Practical Problem 3: The Schelling Model

In class we briefly discussed the Schelling Model and investigated the model with the explorable T. Schelling plays Go. Have a look at the explorable again and understand the concepts, before you start implementing it here.

In this excersize you will implement the Schelling Model for two types of species, let’s call them A and B.

This will be a patches only netlogo implementation. So each patch in the model can have three different states

1. “A”
2. “B”
3. “empty”

You can use the patches-own command to define a patch specific variable state like so:

patches-own [state]

The model has two parameters

• the initial density $C$ of non-empty patches which should be implemented as a slider with a range between 0 and 1.

• the tolerance parameter $T$ which should be implemented as a slider with a range between 0 and 1.

setup

Write a setup function that initialized the patches such that the a fraction $C$ of patches are nonempty. Of those non-empty site 50% should be of type A and 50% should be of type B.

simulation

At every simulation tick iterated over all patches (ask all patches [...]) and implement the rule that defines the Schelling Model.

• count how many neighbors of the calling patch have a type different from the calling type.
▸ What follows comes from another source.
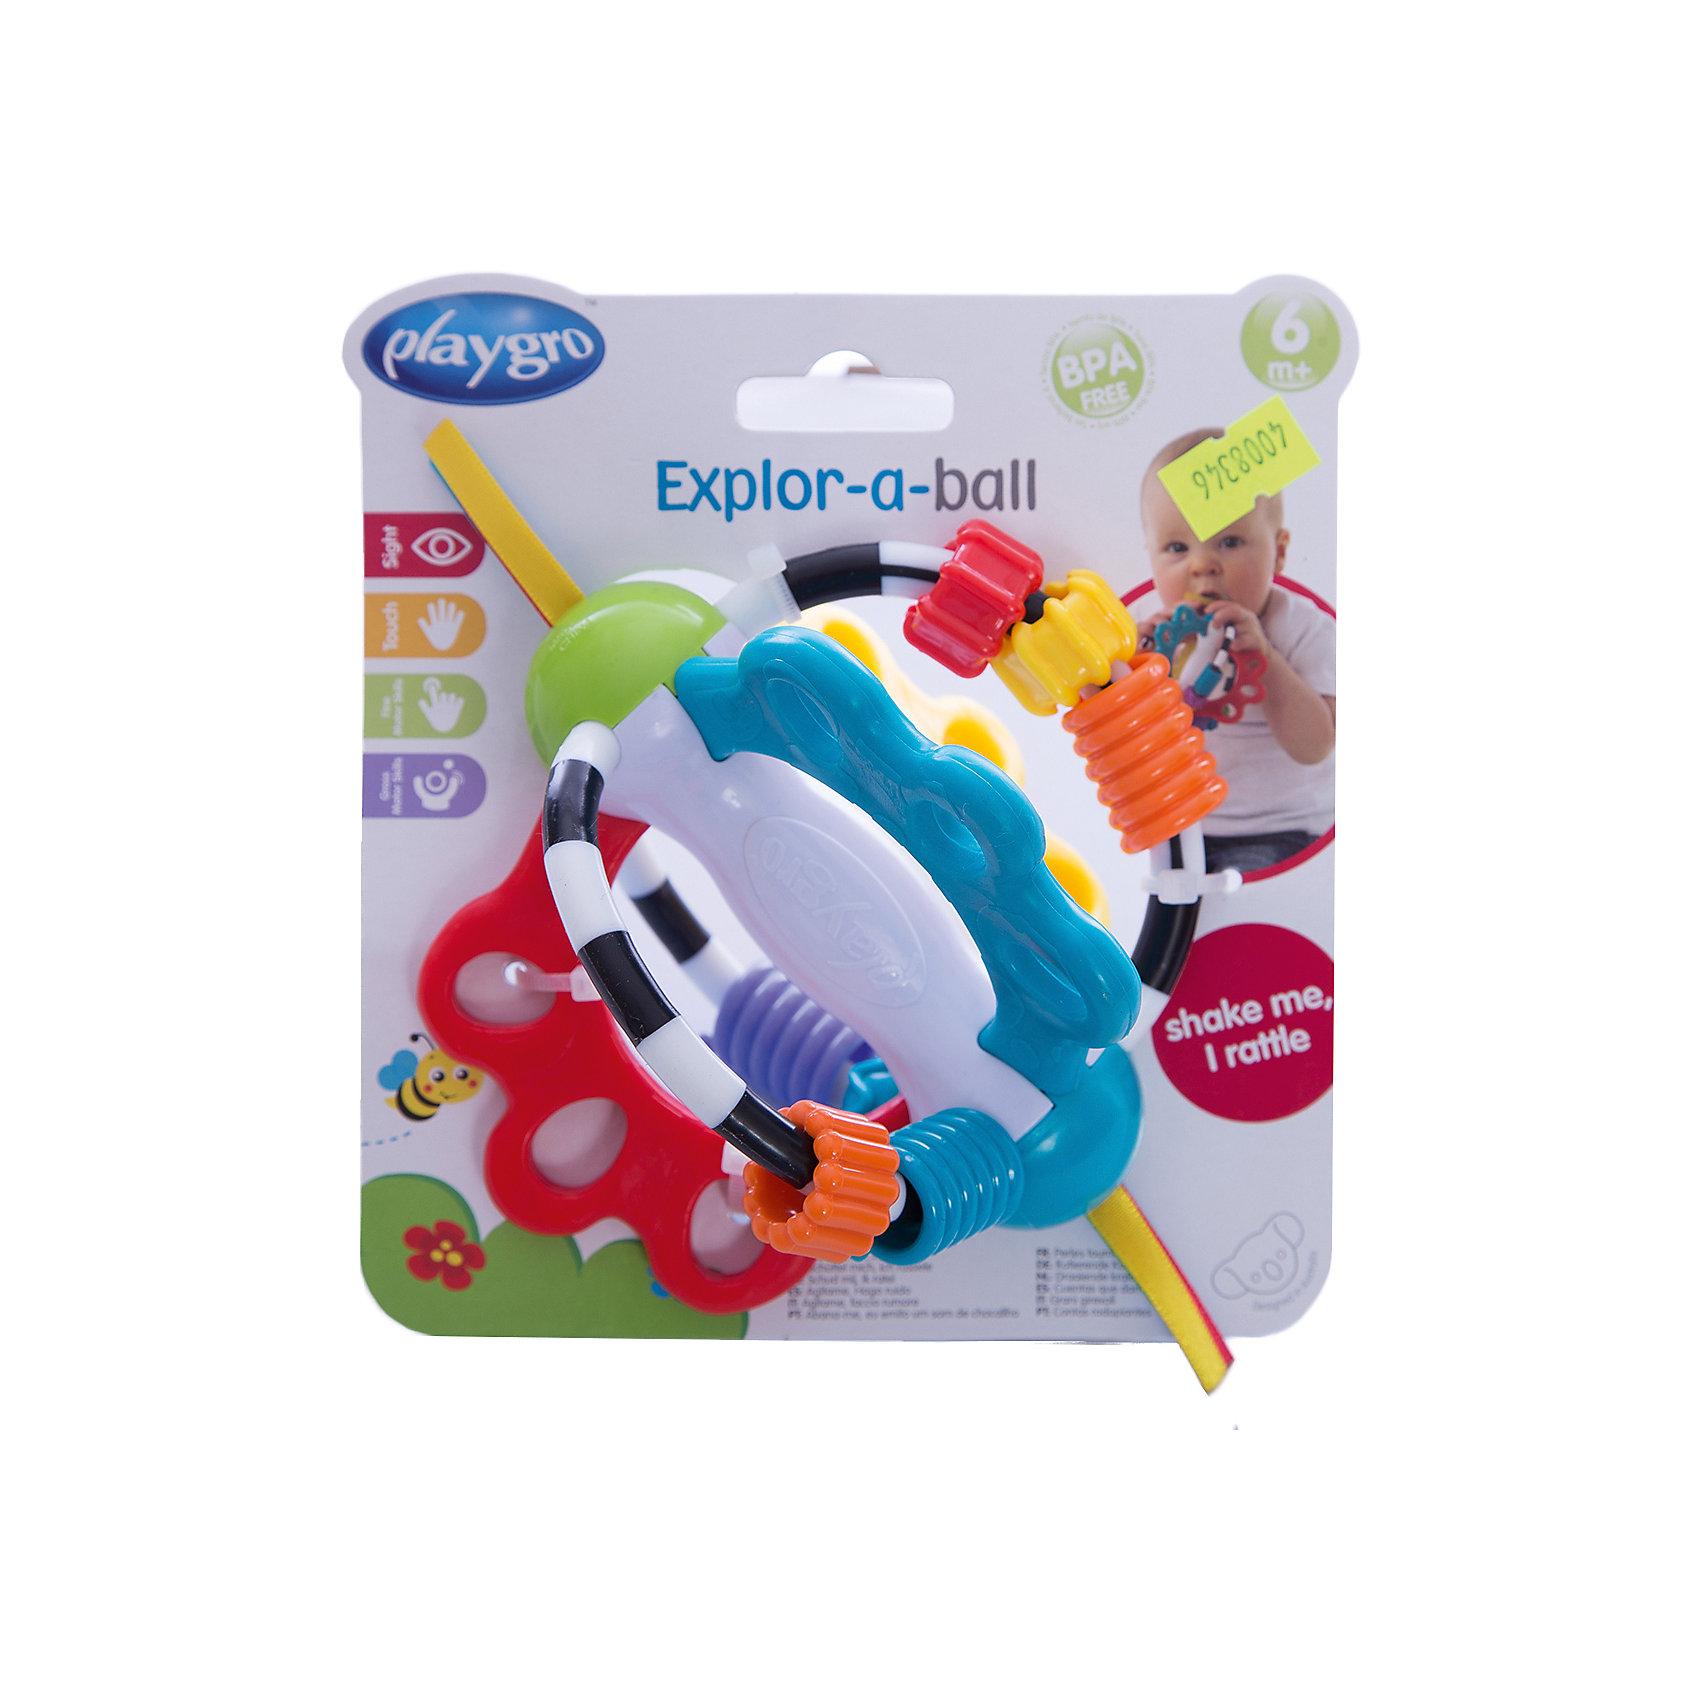 Развивающая игрушка, PlaygroРазвивающие игрушки<br>Многофункциональная игрушка Playgro развивают не только зрение, но и моторику малыша. Она имеет необычную форму и украшена различными фигурками в виде звездочек, сердечек и бусинок, а ее края декорированы ленточками. Игрушка изготовлена экологически чистых и гипоаллергенных материалов, безопасных для здоровья ребенка.<br><br>Дополнительная информация:<br><br>- Возраст: от 6 до 18 месяцев<br>- Материал: пластик, текстиль<br>- Диаметр игрушки: 17 см<br>- Вес: 0.15 кг<br><br>Развивающую игрушку, Playgro можно купить в нашем интернет-магазине.<br><br>Ширина мм: 164<br>Глубина мм: 145<br>Высота мм: 111<br>Вес г: 115<br>Возраст от месяцев: 6<br>Возраст до месяцев: 18<br>Пол: Унисекс<br>Возраст: Детский<br>SKU: 4008346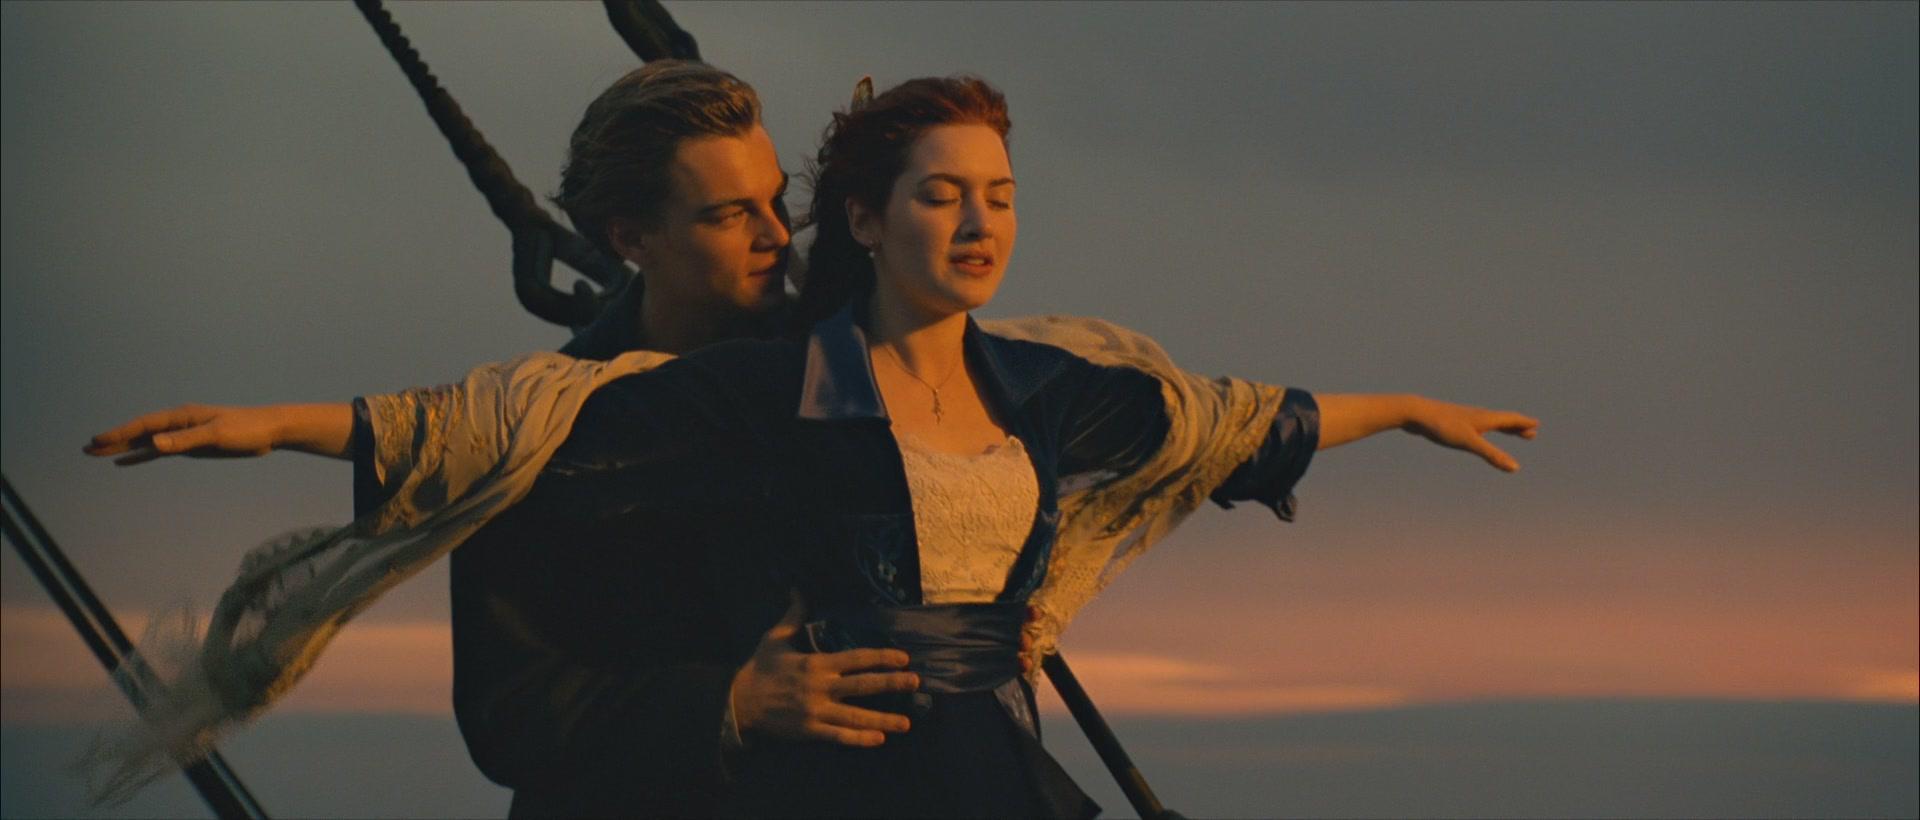 TitanicFilm.jpg

• divide that number by 8, so you have the fraction of different types in the neighborhood

• if that fraction is larger than the tolerance parameter do the following

  1. turn a randomly chosen empty site into a type identical to the type of the calling patch

  2. set the type of the calling patch to “empty”

This last step simulates a “move” of the calling patch to another, randomly chosen empty site.

intolerably lonely

Write a new version of the Schelling model in which patches “move” also if the neighboring sites are either of a different type or empty.